Development of a specific TCL1-related Tregs (Tregs A) population is correlated with the stage of the disease and can be blocked by MALT-1 inhibitor. (A) The box plot min-max graph (left panel) and density plots with gating strategy (right panel) present phenotype of Tregs in relation to the percentage of leukemic cells (CD5⁺CD19⁺) in the spleens. Mean ± SD, n=11, Mann-Whitney U test *p ≤ 0.05. (B) The graph presenting a scheme of the experiment. MI-2 was administered daily at dose 20 mg/kg via intraperitoneal injections for two weeks. (C) The phenotype of Tregs collected from spleens of TCL1 leukemia-bearing B6 Foxp3^EGFP mice, untreated (TCL1) or treated with MI-2(TCL1 + MI-2). Mean ± SD, Mann-Whitney U test n = 5, *p ≤ 0.05. (D) Percentage of leukemic cells (CD5⁺CD19⁺) assessed by flow cytometry in blood (left graph) and spleens (right graph) on day 21^st of the experiment. The graph presents data from three (blood, n = 10-14) or two (spleens, n = 7-8) independent experiments. Each dot represents an individual sample (mouse), means, Mann-Whitney U test **p ≤ 0.01, ***p ≤ 0.001, **** p < 0.0001. (E) The percent of naïve, effector (EFF), central memory (CM), subpopulations of CD4⁺ and CD8⁺ T cells.

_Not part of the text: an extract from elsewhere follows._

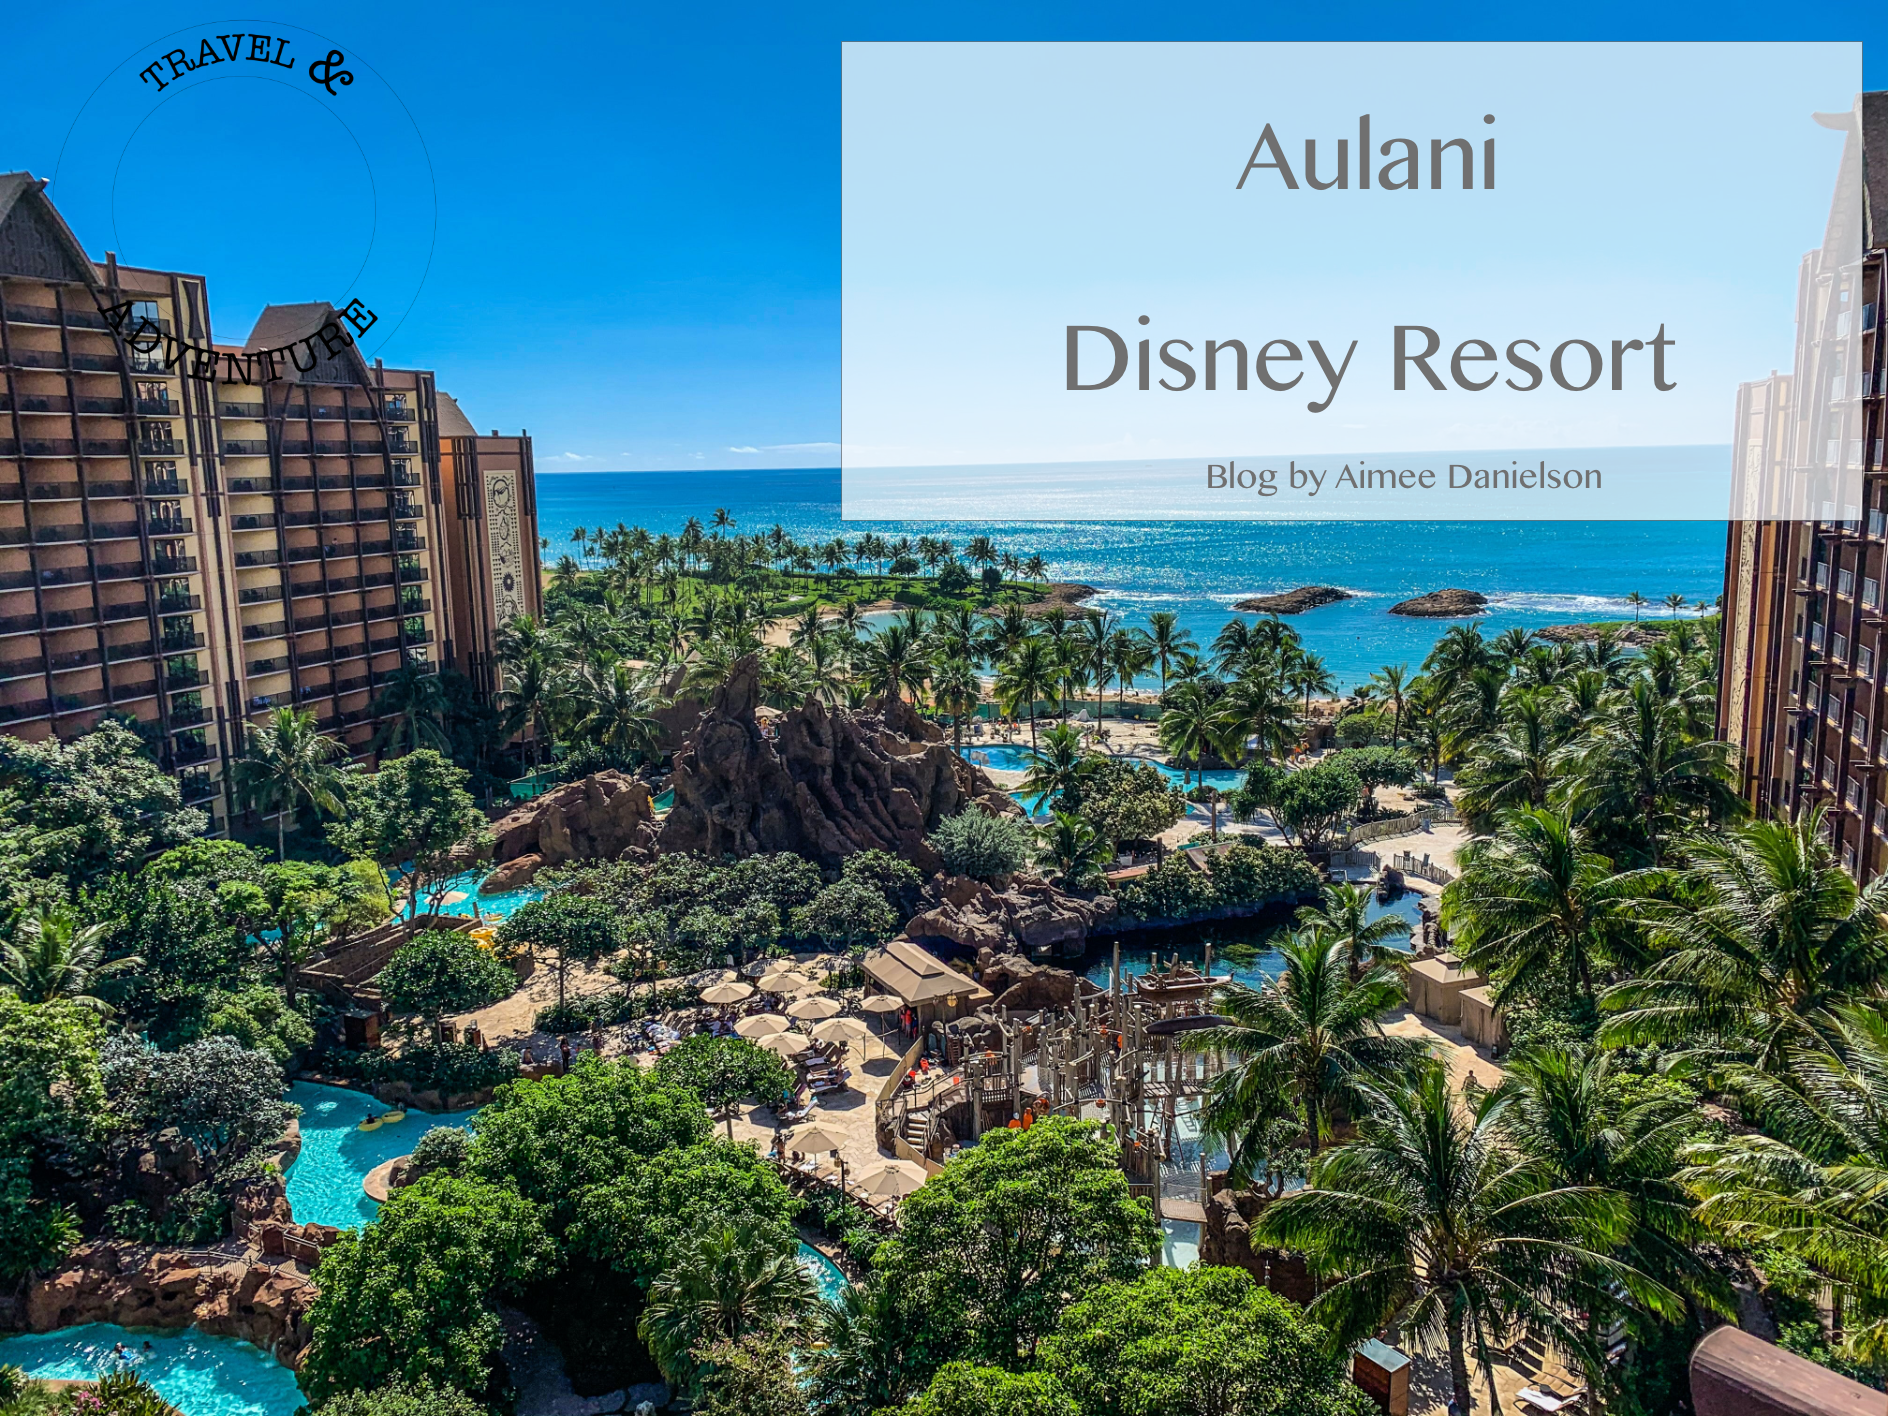 Disney's Aulani, Oahu Hawaii!

Cells were collected from spleens of untreated and MI-2-treated TCL1 leukemia-bearing B6 Foxp3^EGFP mice in two independent experiments, n = 7-12. Each dot represents an individual sample (mouse), means, Mann-Whitney U test *p ≤ 0.05, **p ≤ 0.01, ***p ≤ 0.001.

Figure 6

The pretreatment with MALT-1 inhibitor sensitizes leukemia to the therapy with anti-PD-L1 at the advanced stage of the disease. (A) The graphs presenting a scheme of the experiment. (B) The percentage of CD3⁺, CD4⁺, CD8⁺ and naïve, effector (EFF), and central memory (CM) subpopulations of CD4⁺ and CD8⁺. Cells were collected from spleens of untreated (CTR), MI-2 and/or aPD-L1-treated TCL1 leukemia-bearing mice, n = 4-5, each dot represents an individual sample (mouse), means, Mann-Whitney U test *p ≤ 0.05, **p ≤ 0.01. (C) The Percentage of leukemic cells (CD5⁺CD19⁺) assessed by flow cytometry in blood (left panel) and spleens (right panel) at day 26th of the experiment, n = 5, each dot represents an individual sample (mouse), means, Mann-Whitney U test *p ≤ 0.05, **p ≤ 0.01.